— INFORMATION PROVIDED —

##############################

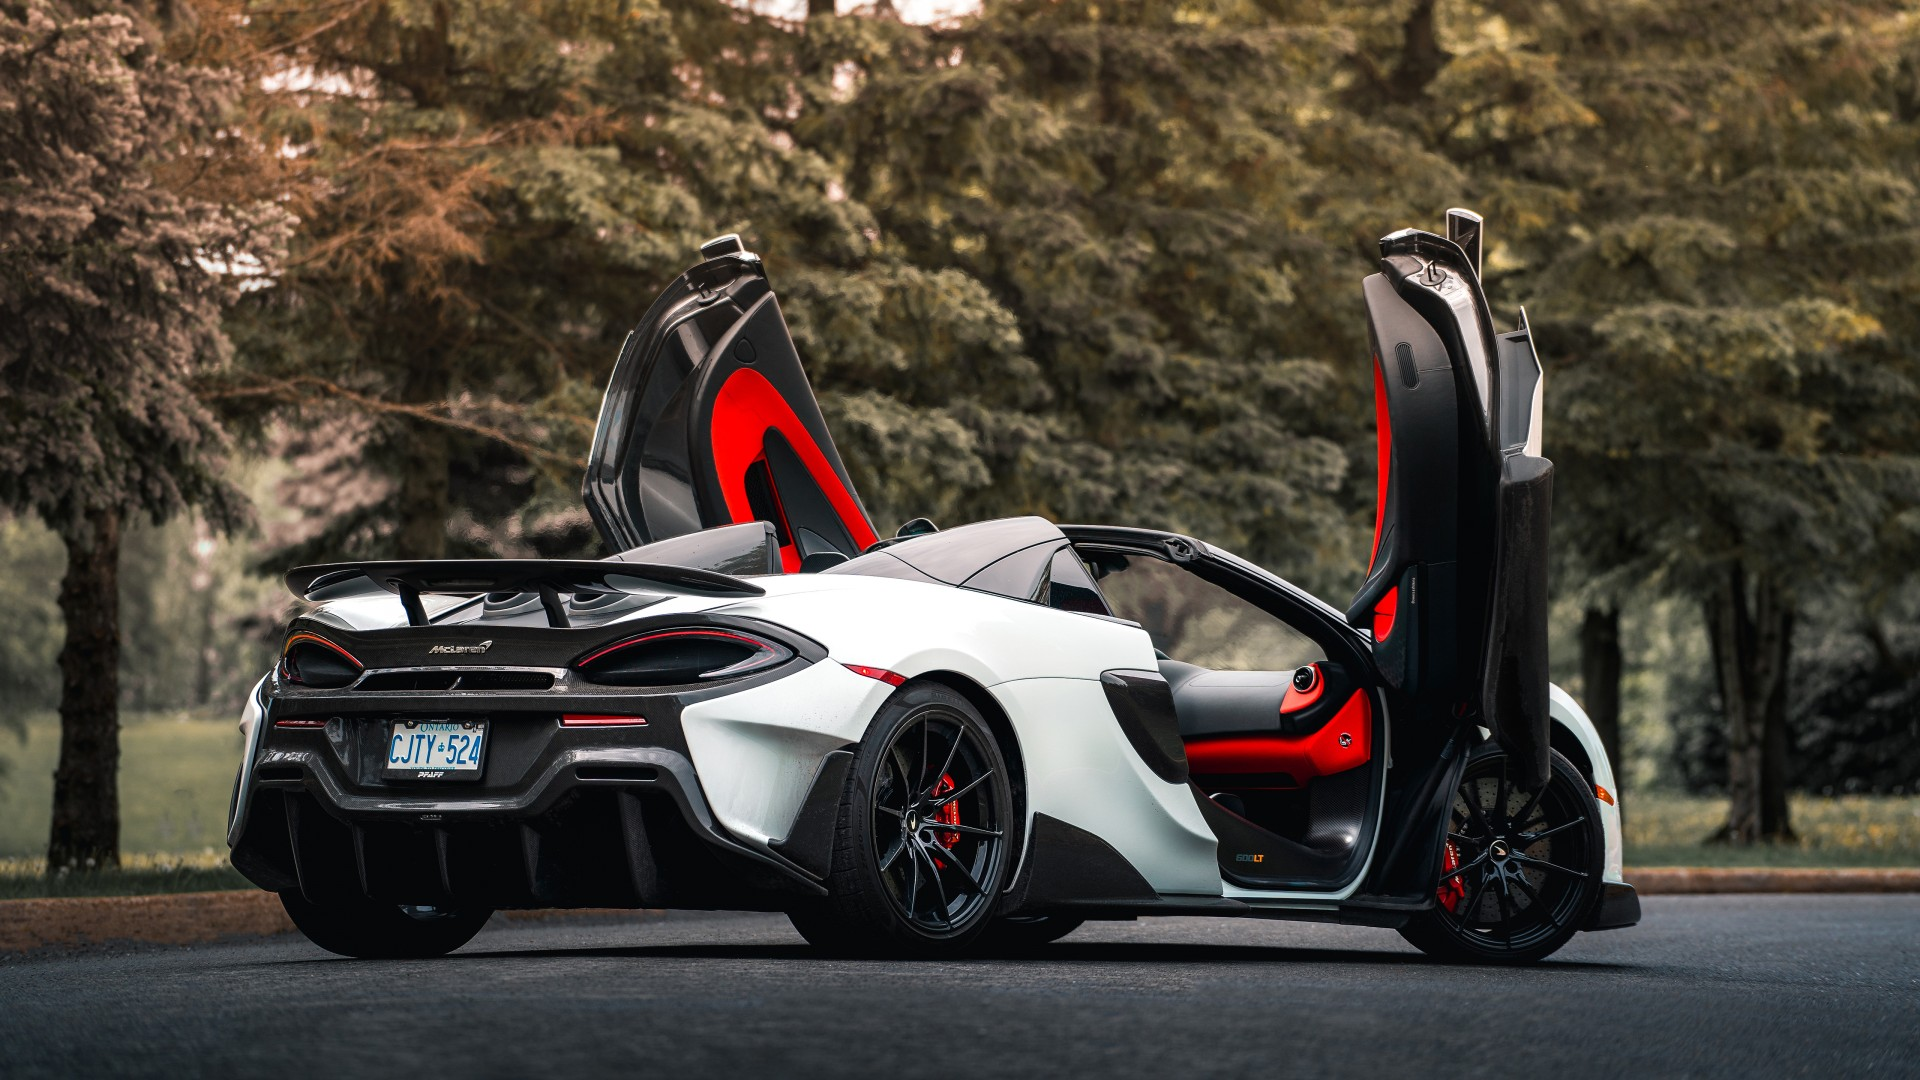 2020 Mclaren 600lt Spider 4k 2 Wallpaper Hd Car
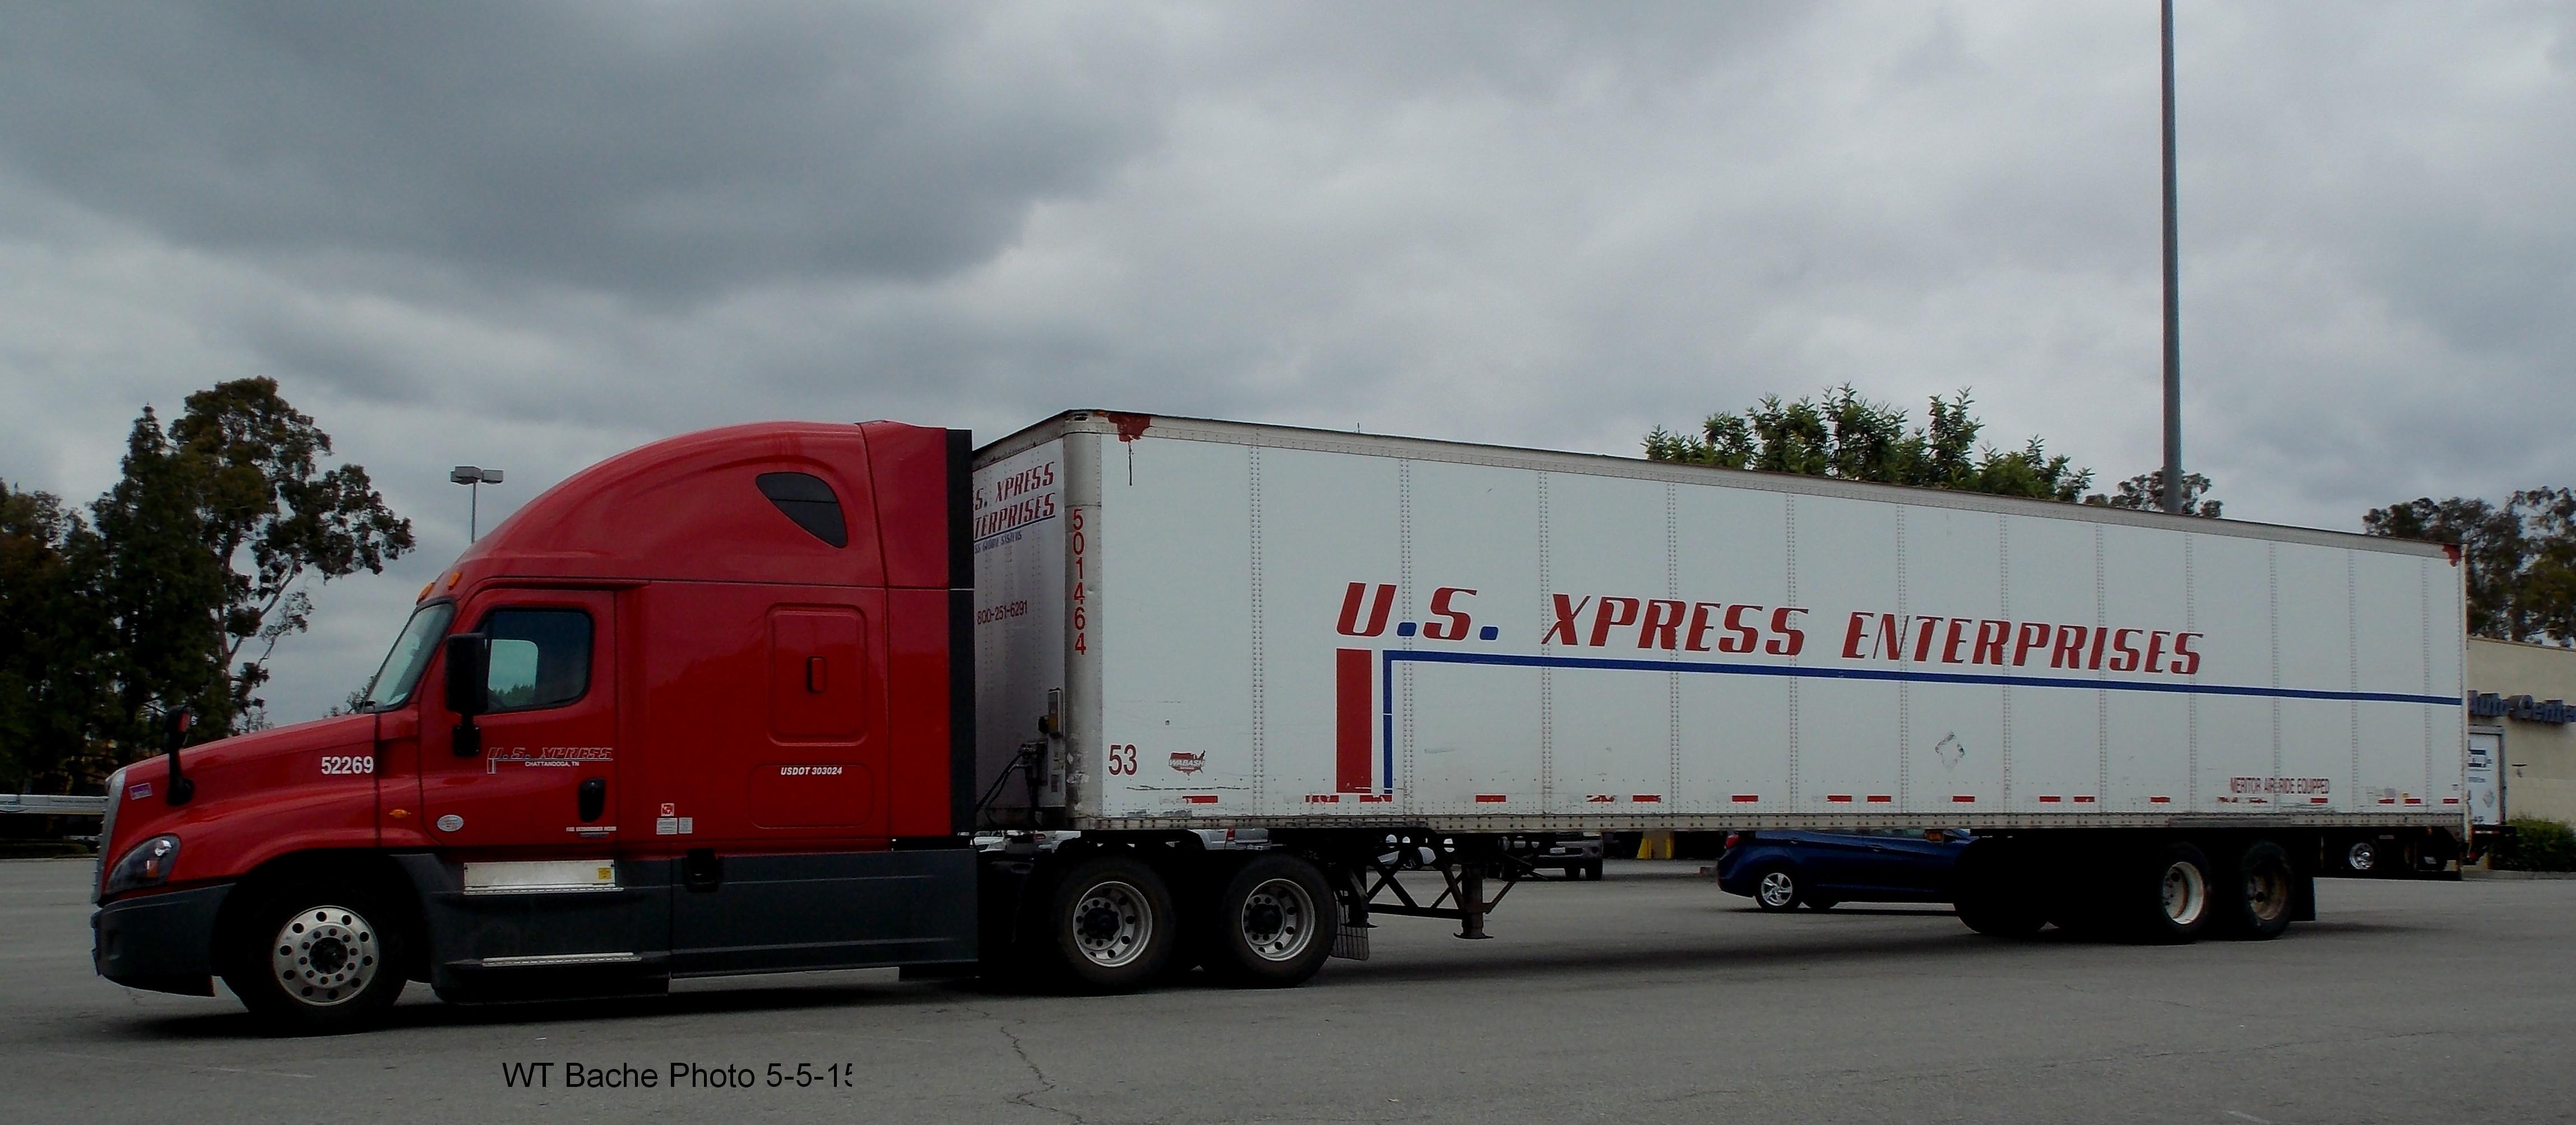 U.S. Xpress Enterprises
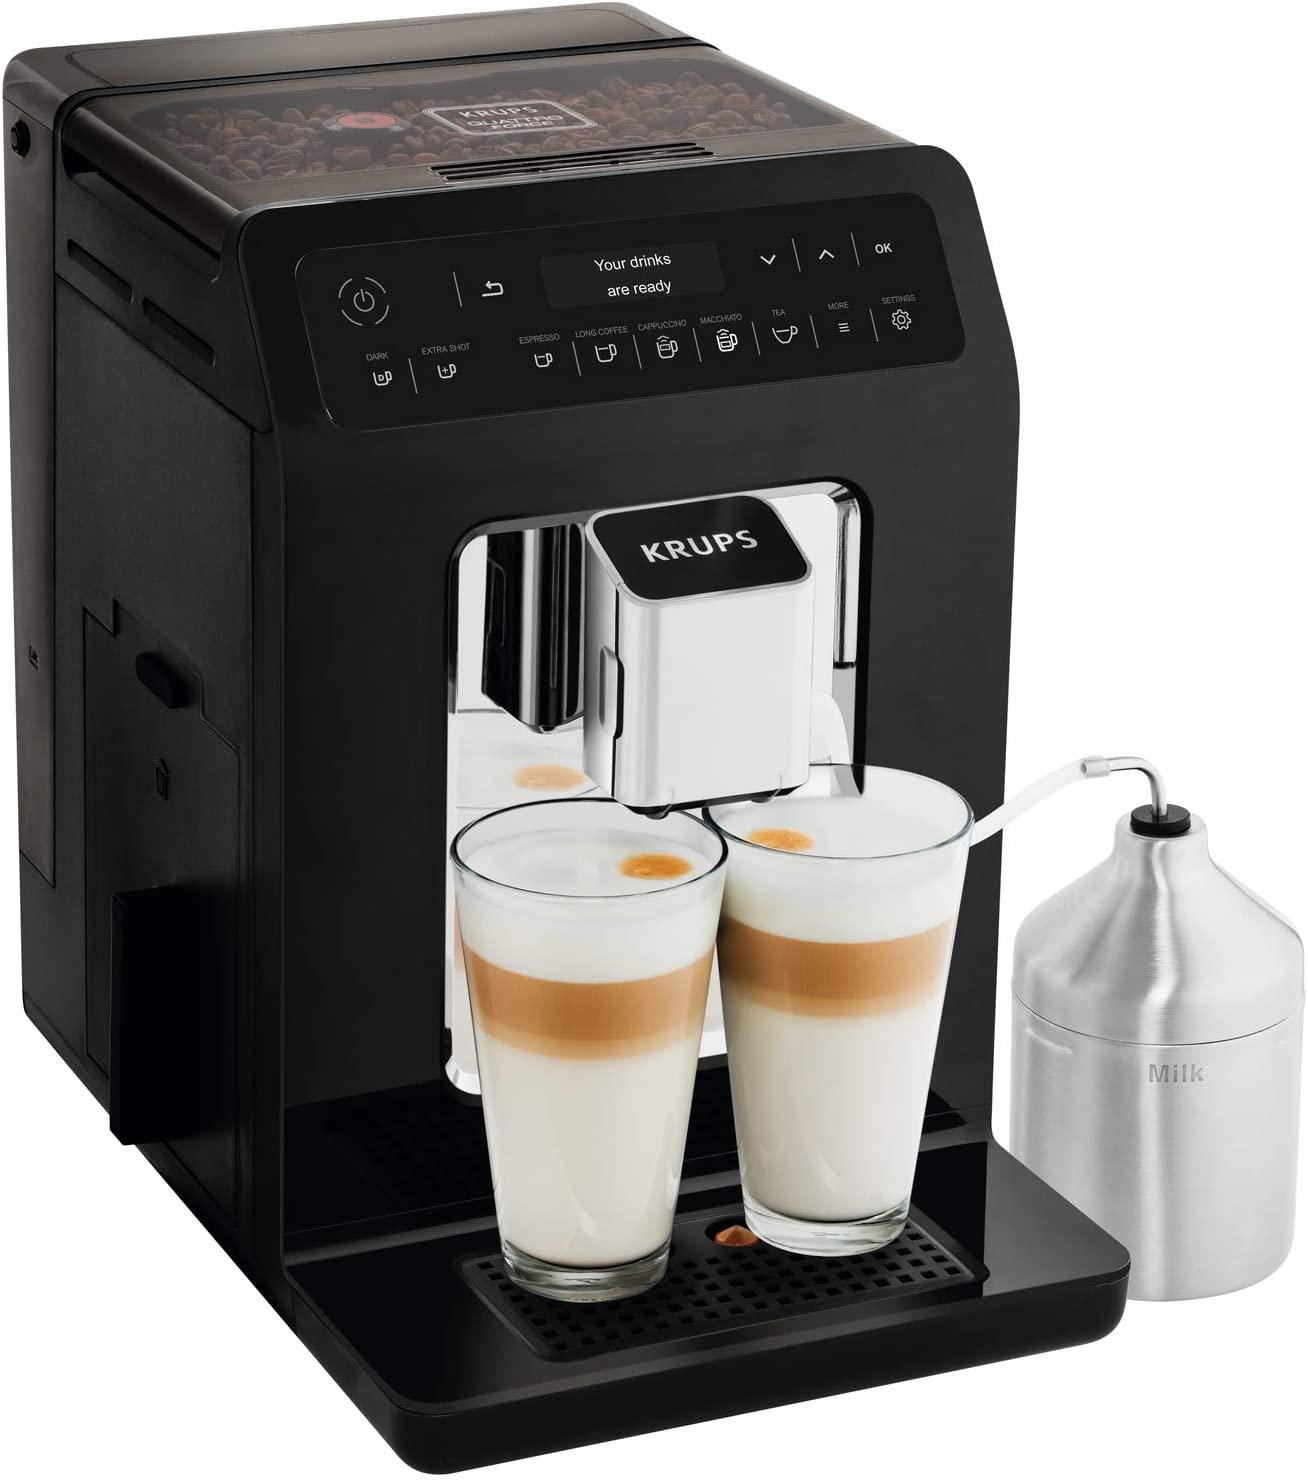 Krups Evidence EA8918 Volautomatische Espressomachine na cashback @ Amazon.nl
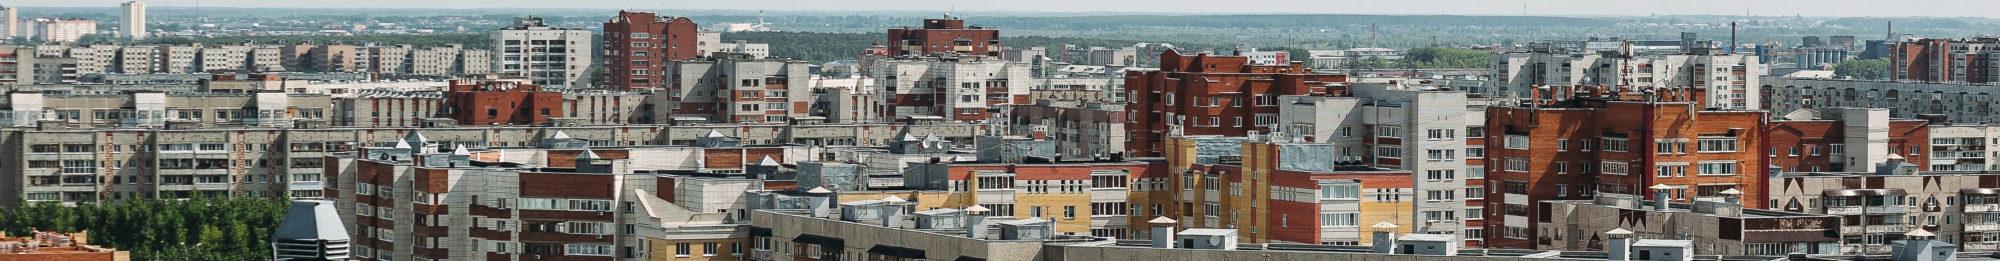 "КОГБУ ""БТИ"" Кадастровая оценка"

##############################

— WHAT THE EXERCISE ASKS —
Starting with the line that contains "Krups Evidence EA8918", copy every line word for word through the end of the listing above, but leave out the pictures.

— ANSWER BELOW —
 Krups Evidence EA8918 Volautomatische Espressomachine na cashback @ Amazon.nl
 "КОГБУ ""БТИ"" Кадастровая оценка"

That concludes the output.